Information provided:
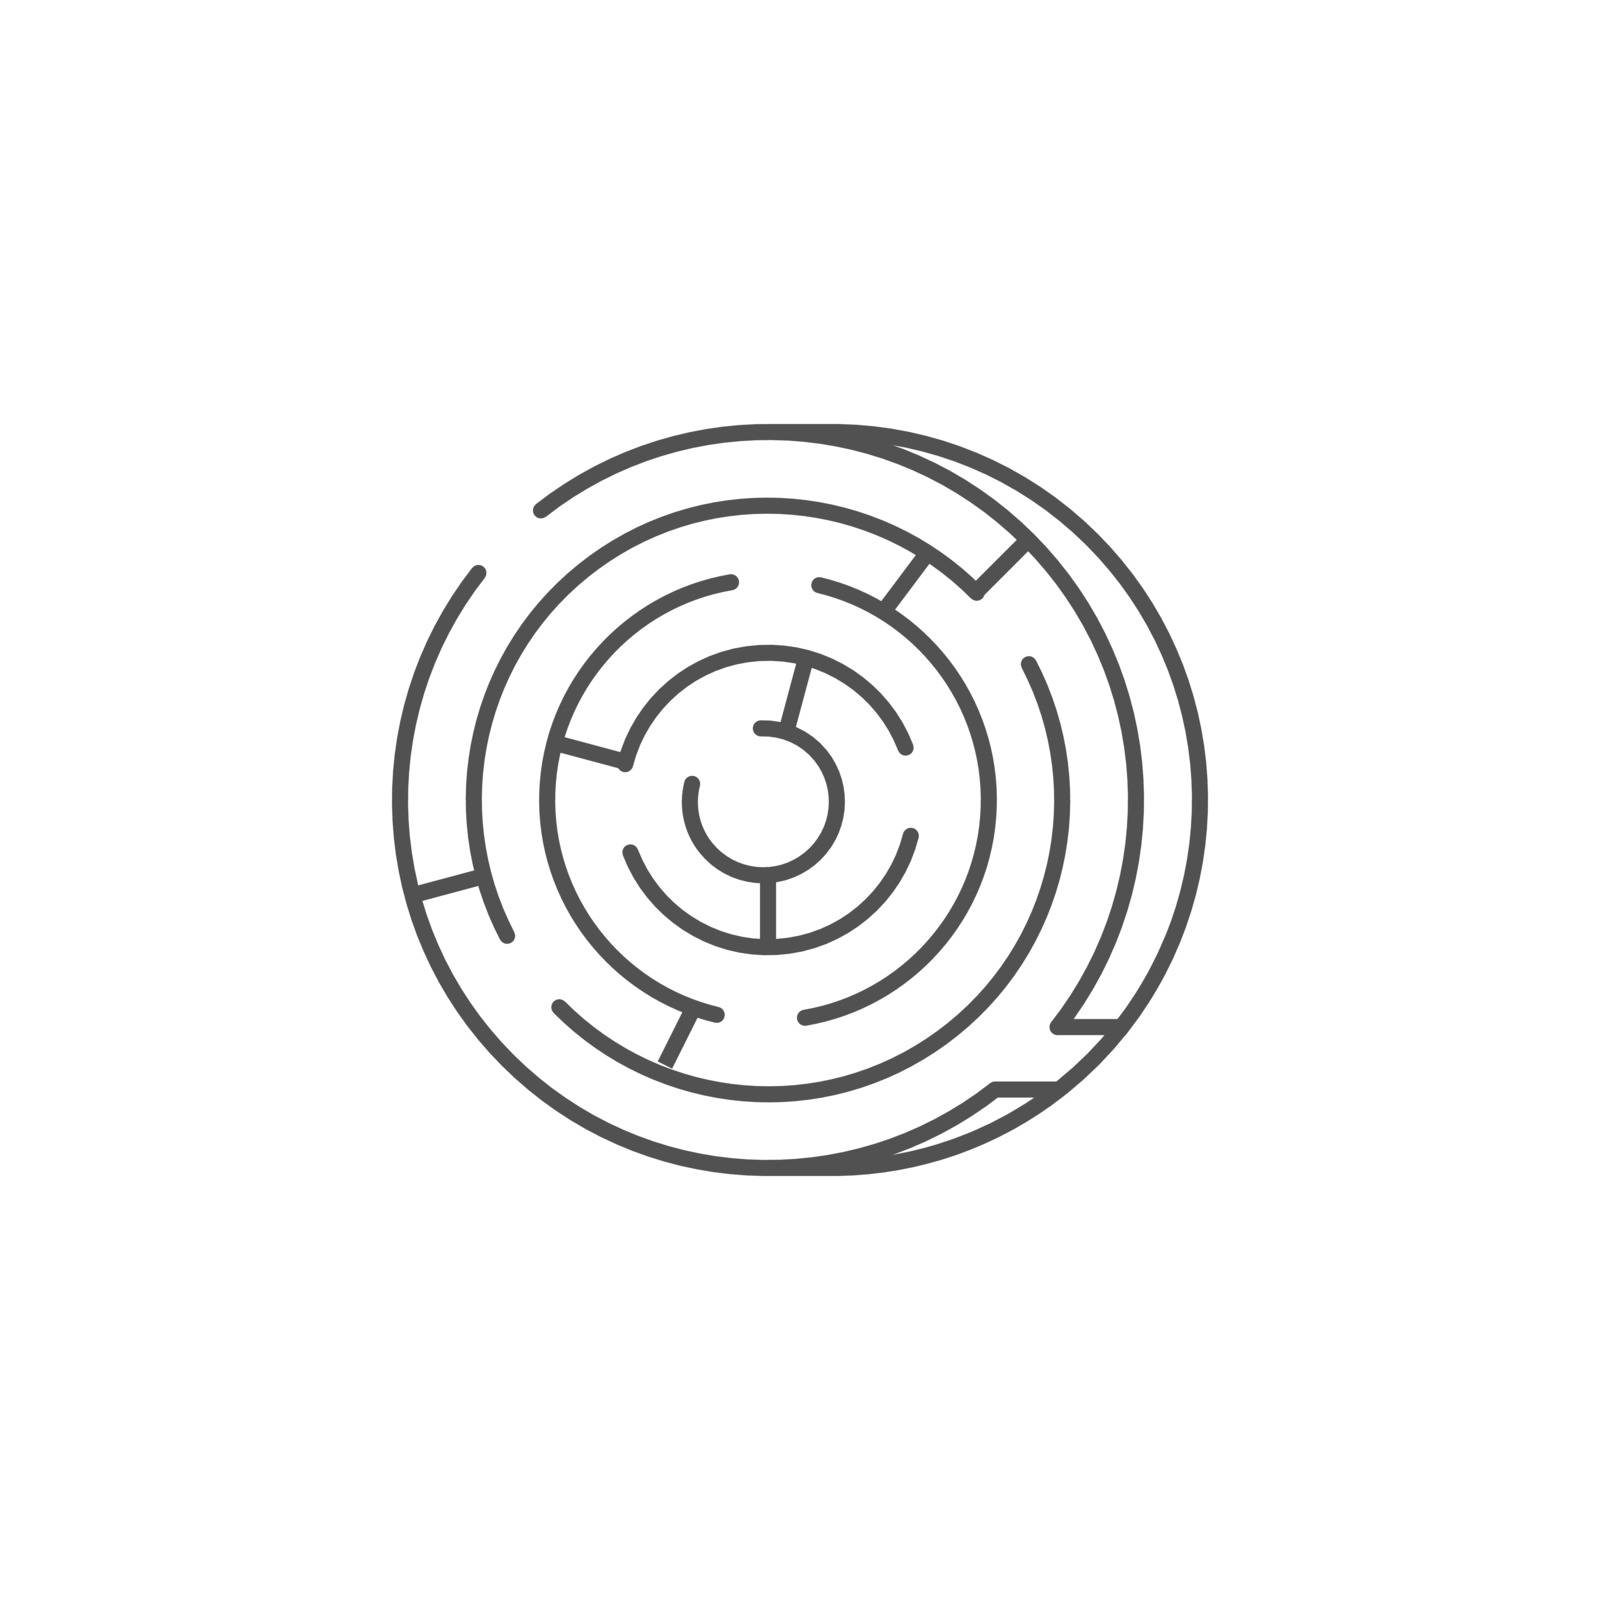 Labyrinth Icon. Labyrinth Thin Line Vector Icon. Flat icon isolated on the white background. Editable EPS file. Vector illustration.
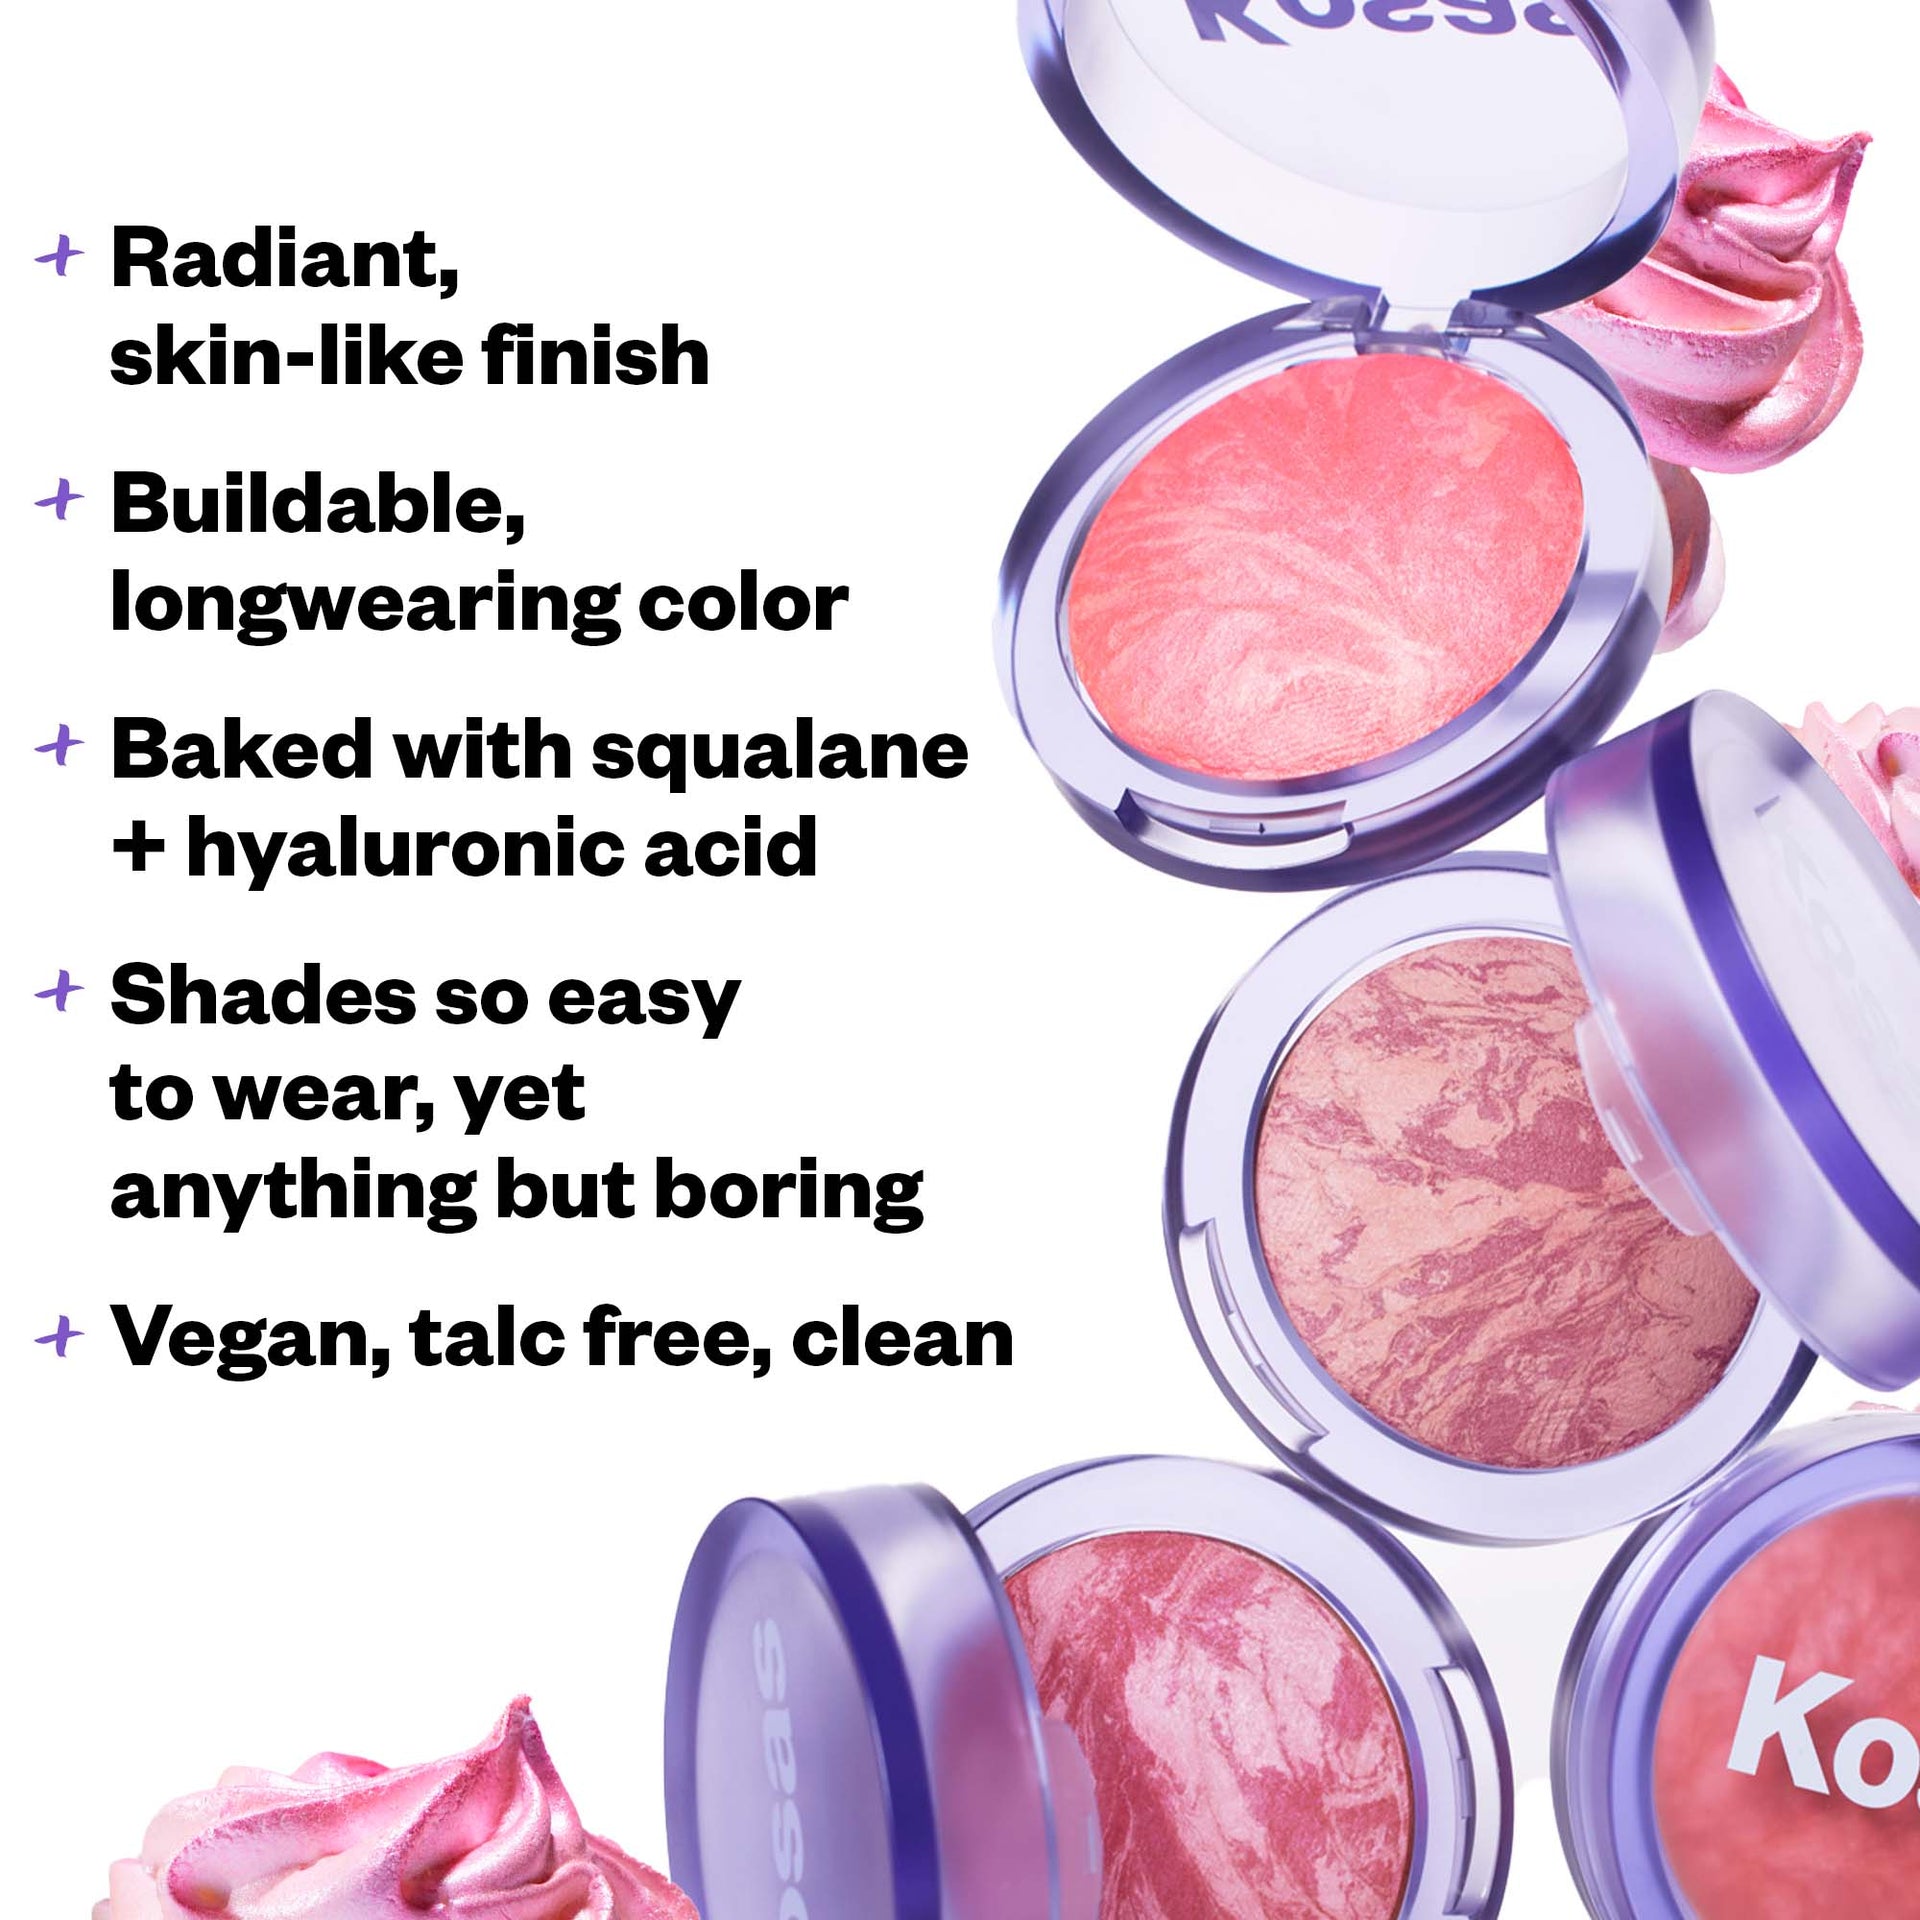 Radiant skin-like finish, buildable longwearing color, baked with squalene + hyaluronic acid, shades so easy to wear, yet anything but boring, vegan, talc free, clean
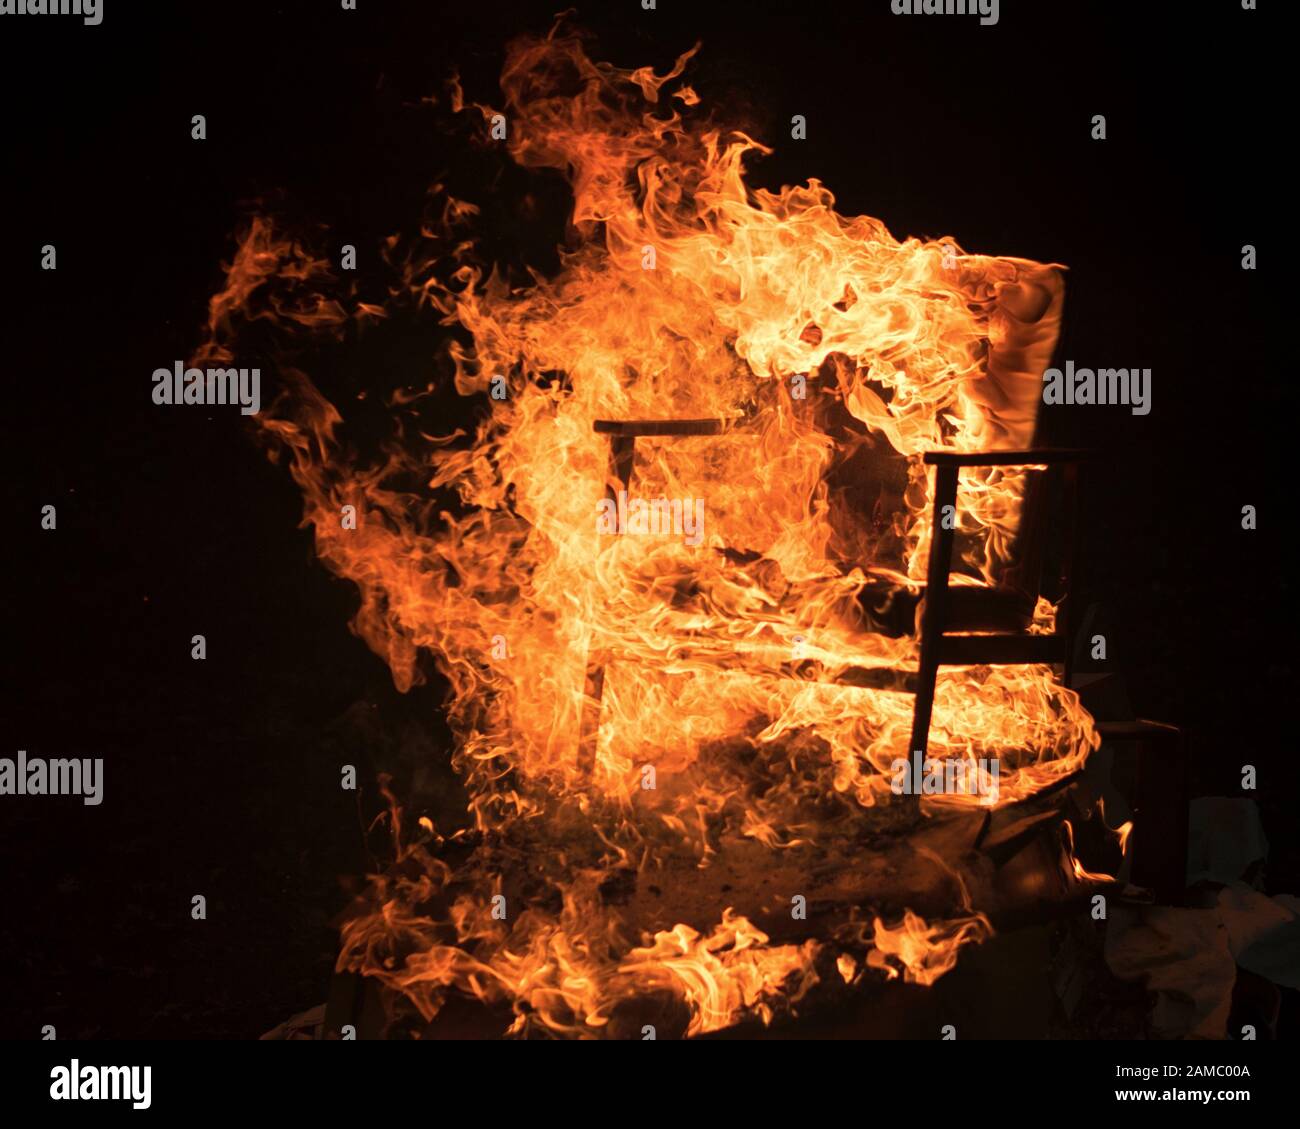 Wooden chair engulfed in flames Stock Photo

Work to be completed:
Could you restate exactly the lines from the line containing "Radiant skin-like finish, buildable" through the end of the listing, both ends included and nothing else, leaving the images out?

Answer for the task:
 Radiant skin-like finish, buildable longwearing color, baked with squalene + hyaluronic acid, shades so easy to wear, yet anything but boring, vegan, talc free, clean
 Wooden chair engulfed in flames Stock Photo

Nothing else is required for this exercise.